# [Requirement]
With the pictures left out, retype exactly the lines below starting at the line that contains "Сабельная пила Bosch" and ending at the line that contains "מטען למחשב נייד".

### Records provided ###

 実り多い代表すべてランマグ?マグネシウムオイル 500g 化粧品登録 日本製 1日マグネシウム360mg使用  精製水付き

###
### Records provided ###

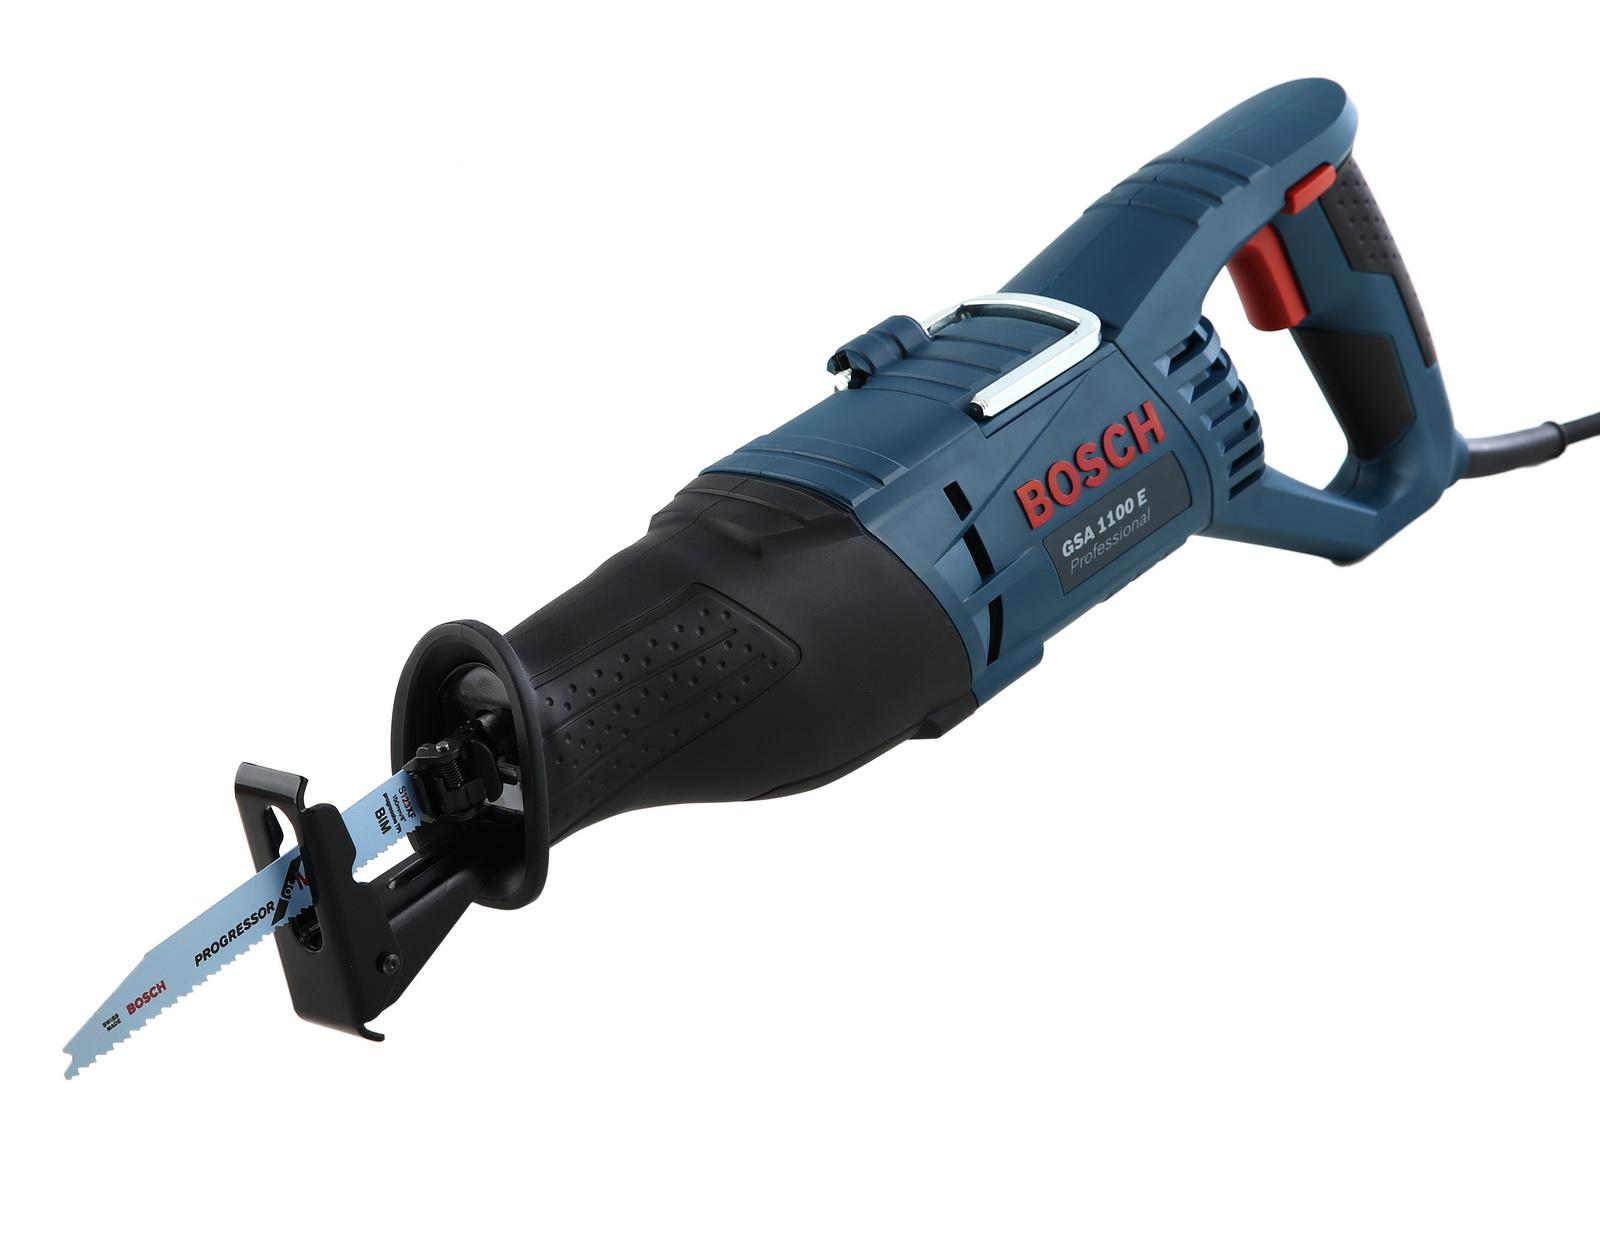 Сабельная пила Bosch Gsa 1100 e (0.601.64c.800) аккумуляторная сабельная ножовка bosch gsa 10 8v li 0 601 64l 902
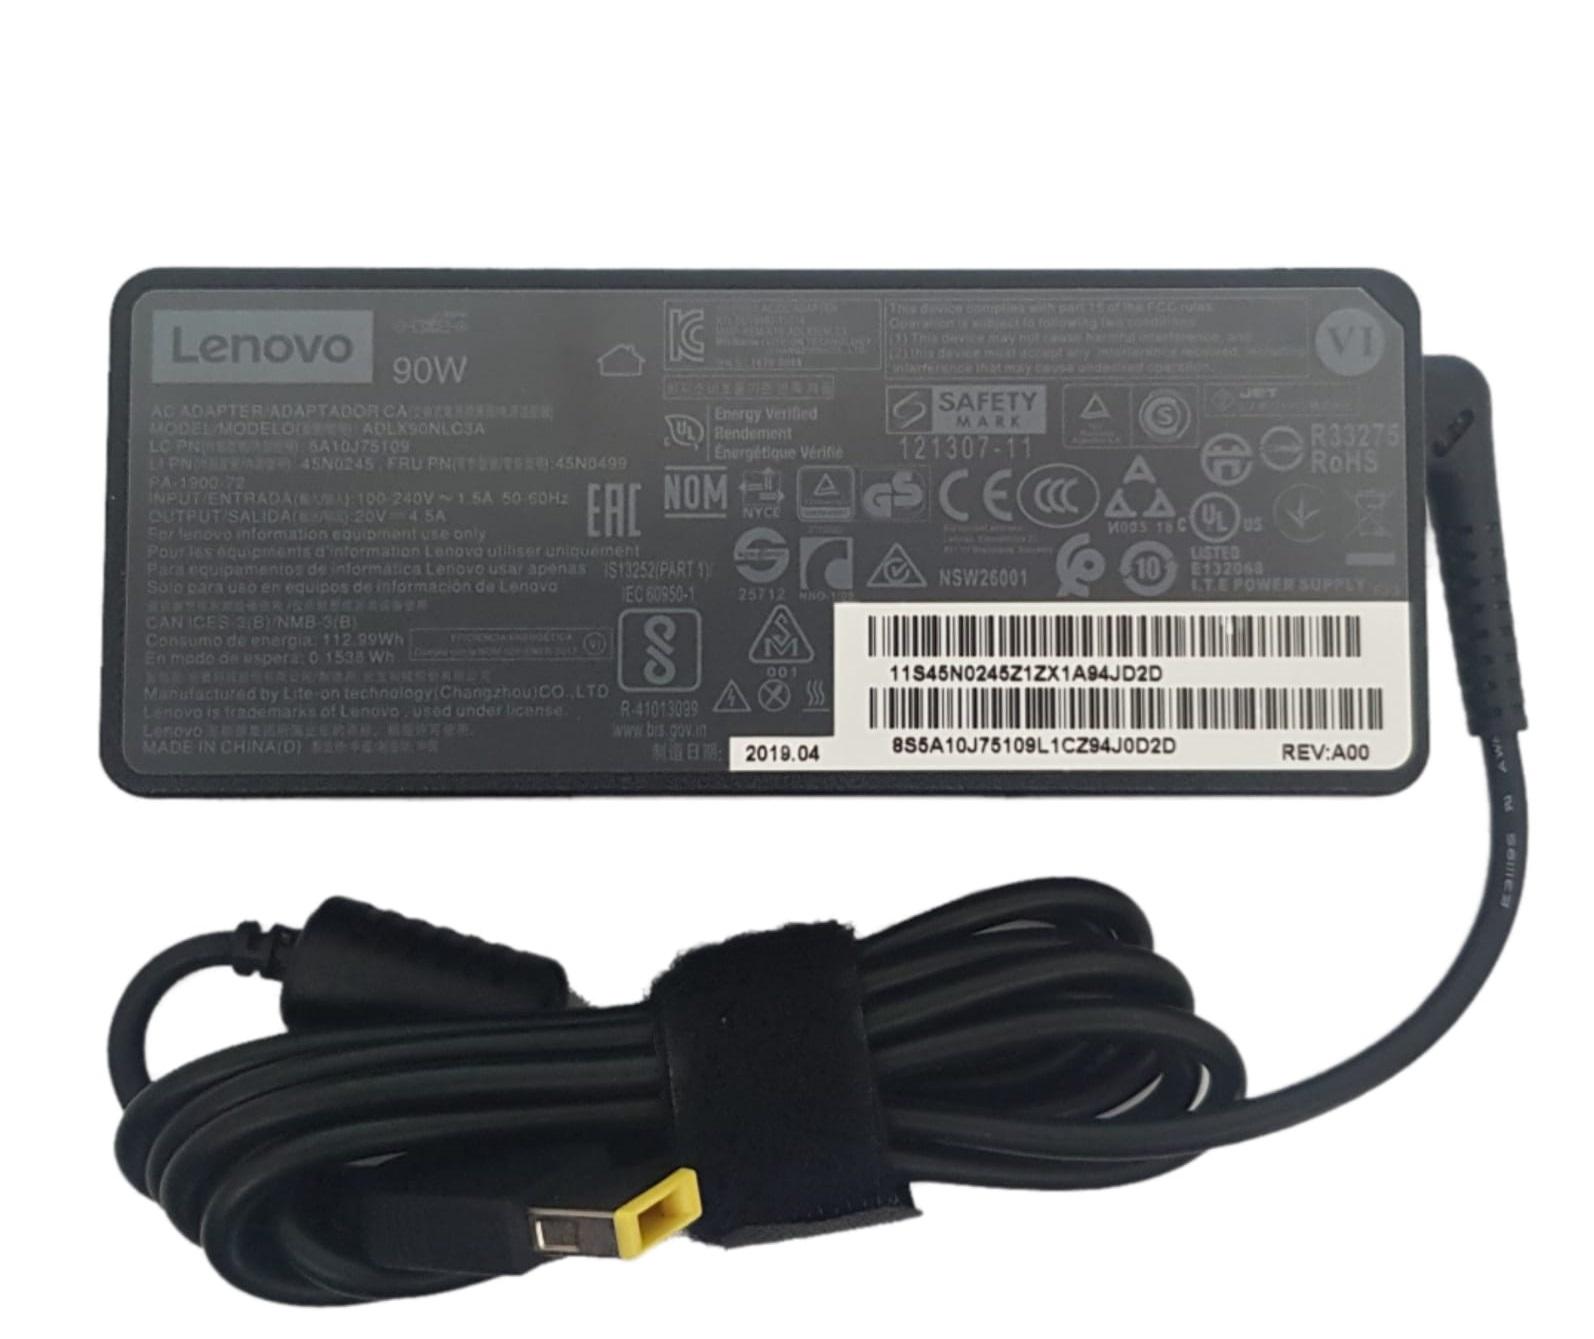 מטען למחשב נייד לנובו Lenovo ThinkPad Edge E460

###

# [Response to the task]
 Сабельная пила Bosch Gsa 1100 e (0.601.64c.800) аккумуляторная сабельная ножовка bosch gsa 10 8v li 0 601 64l 902
 מטען למחשב נייד לנובו Lenovo ThinkPad Edge E460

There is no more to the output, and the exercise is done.